**** RECORDS PROVIDED

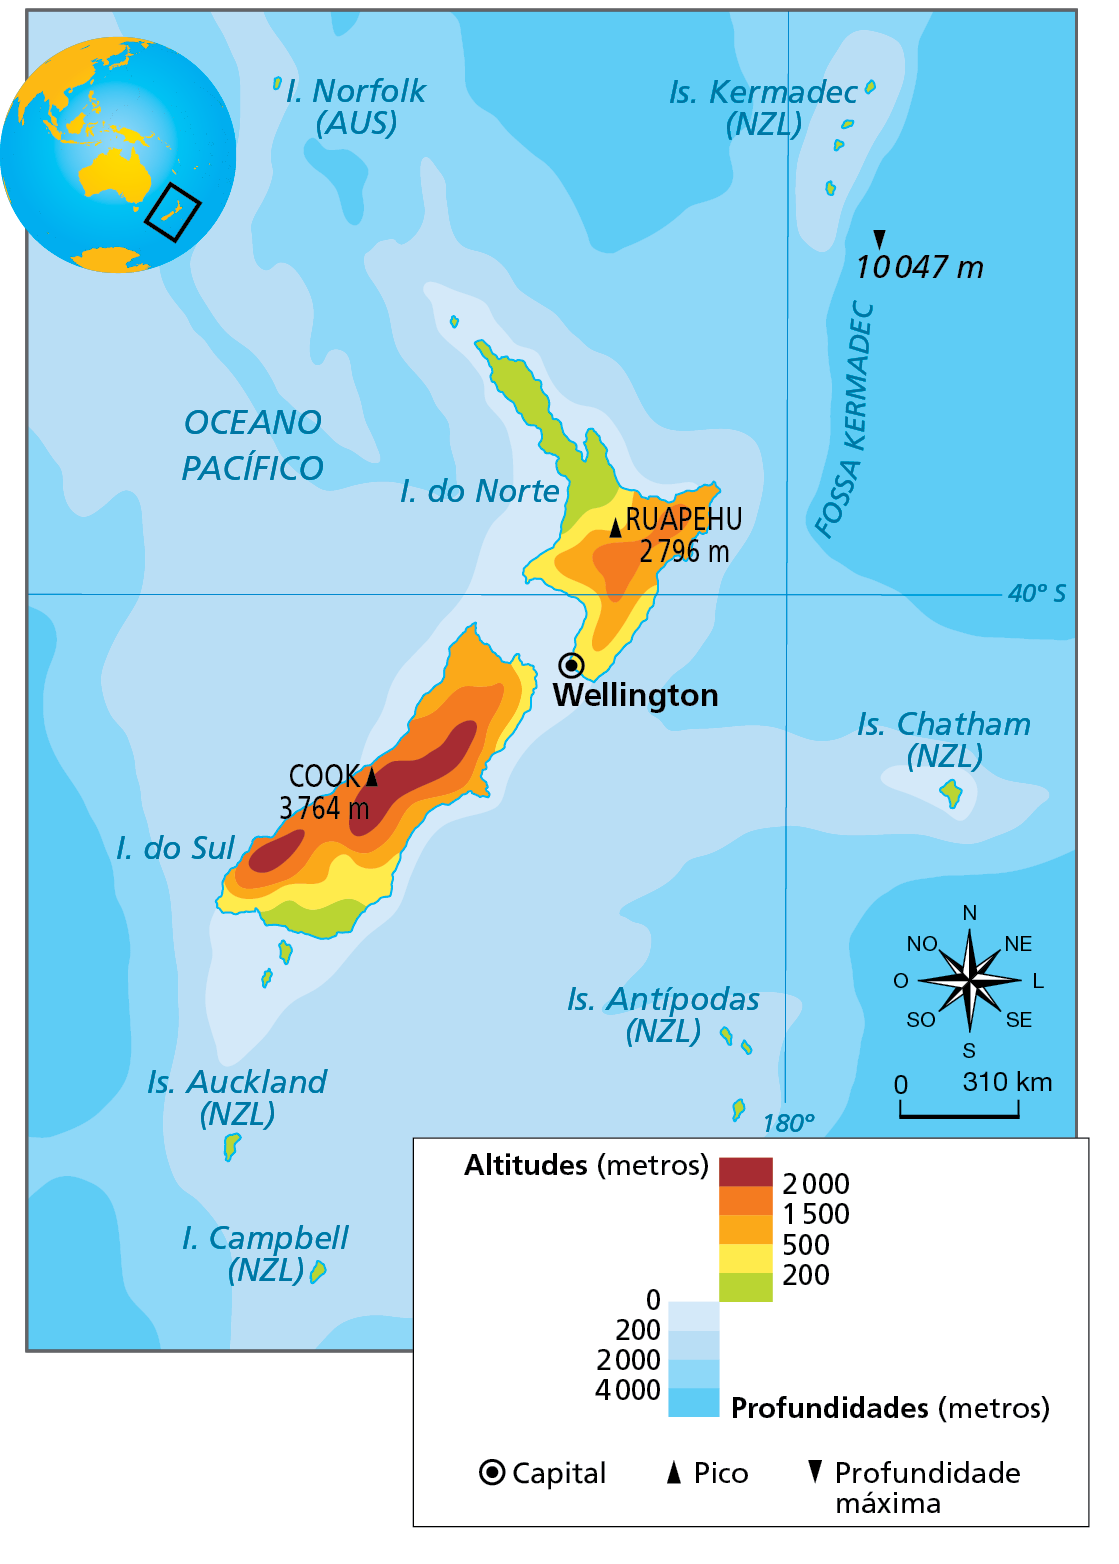 Mapa. Nova Zelândia: físico. Mapa da Nova Zelândia com as altitudes, profundidades do oceano e a localização da capital e dos picos. 
Acima de 2.000 metros: área no centro da Ilha do Sul e na porção sudoeste. No centro, está o pico Cook com 3.764 metros. 
De 1.500 a 2.000 metros: no centro e no sudoeste da Ilha do Sul, contornando as áreas com altitudes acima de 2.000 metros.  
De 500 a 1.500 metros: no sudoeste, leste e noroeste da Ilha do Sul e na porção central da Ilha do Norte. Na porção entra da Ilha do Norte está o Pico Ruapehu, com 2.796 metros.
De 200 a 500 metros: estreita faixa a nordeste e no sul da Ilha do Sul e faixa contornando as porções sudeste, sul, sudoeste, oeste e noroeste da Ilha do Norte. 
Menos de 200 metros: sul da Ilha do Sul e noroeste da Ilha do Norte e em todas as ilhas próximas (Auckland, Campbell, Antípodas, Chatham e Kermadec). 
Profundidades, em metros: 
Zero a 200 metros: toda a faixa litorânea mais próxima às ilhas do Norte, do Sul, Chatham e Kermadec. 
200 a 2.000 metros: em toda a porção do Oceano Pacífico próxima à faixa de 200 a 2.000 metros que circunda todas as ilhas da Nova Zelândia.
2.000 a mais de 4.000 metros: áreas mais distantes em relação às ilhas. A nordeste da Ilha do Norte, na Fossa Kermadec, está a profundidade máxima: 10.047 metros.
Capital da Nova Zelândia: Wellington, no extremo sudoeste da Ilha do Norte. 
Abaixo, rosa dos ventos e escala de 0 a 310 quilômetros.

********

PROBLEM REQUIREMENTS
All of the data should come back exactly as written, but without pictures.

TASK SOLUTION
 Mapa. Nova Zelândia: físico. Mapa da Nova Zelândia com as altitudes, profundidades do oceano e a localização da capital e dos picos. 
Acima de 2.000 metros: área no centro da Ilha do Sul e na porção sudoeste. No centro, está o pico Cook com 3.764 metros. 
De 1.500 a 2.000 metros: no centro e no sudoeste da Ilha do Sul, contornando as áreas com altitudes acima de 2.000 metros.  
De 500 a 1.500 metros: no sudoeste, leste e noroeste da Ilha do Sul e na porção central da Ilha do Norte. Na porção entra da Ilha do Norte está o Pico Ruapehu, com 2.796 metros.
De 200 a 500 metros: estreita faixa a nordeste e no sul da Ilha do Sul e faixa contornando as porções sudeste, sul, sudoeste, oeste e noroeste da Ilha do Norte. 
Menos de 200 metros: sul da Ilha do Sul e noroeste da Ilha do Norte e em todas as ilhas próximas (Auckland, Campbell, Antípodas, Chatham e Kermadec). 
Profundidades, em metros: 
Zero a 200 metros: toda a faixa litorânea mais próxima às ilhas do Norte, do Sul, Chatham e Kermadec. 
200 a 2.000 metros: em toda a porção do Oceano Pacífico próxima à faixa de 200 a 2.000 metros que circunda todas as ilhas da Nova Zelândia.
2.000 a mais de 4.000 metros: áreas mais distantes em relação às ilhas. A nordeste da Ilha do Norte, na Fossa Kermadec, está a profundidade máxima: 10.047 metros.
Capital da Nova Zelândia: Wellington, no extremo sudoeste da Ilha do Norte. 
Abaixo, rosa dos ventos e escala de 0 a 310 quilômetros.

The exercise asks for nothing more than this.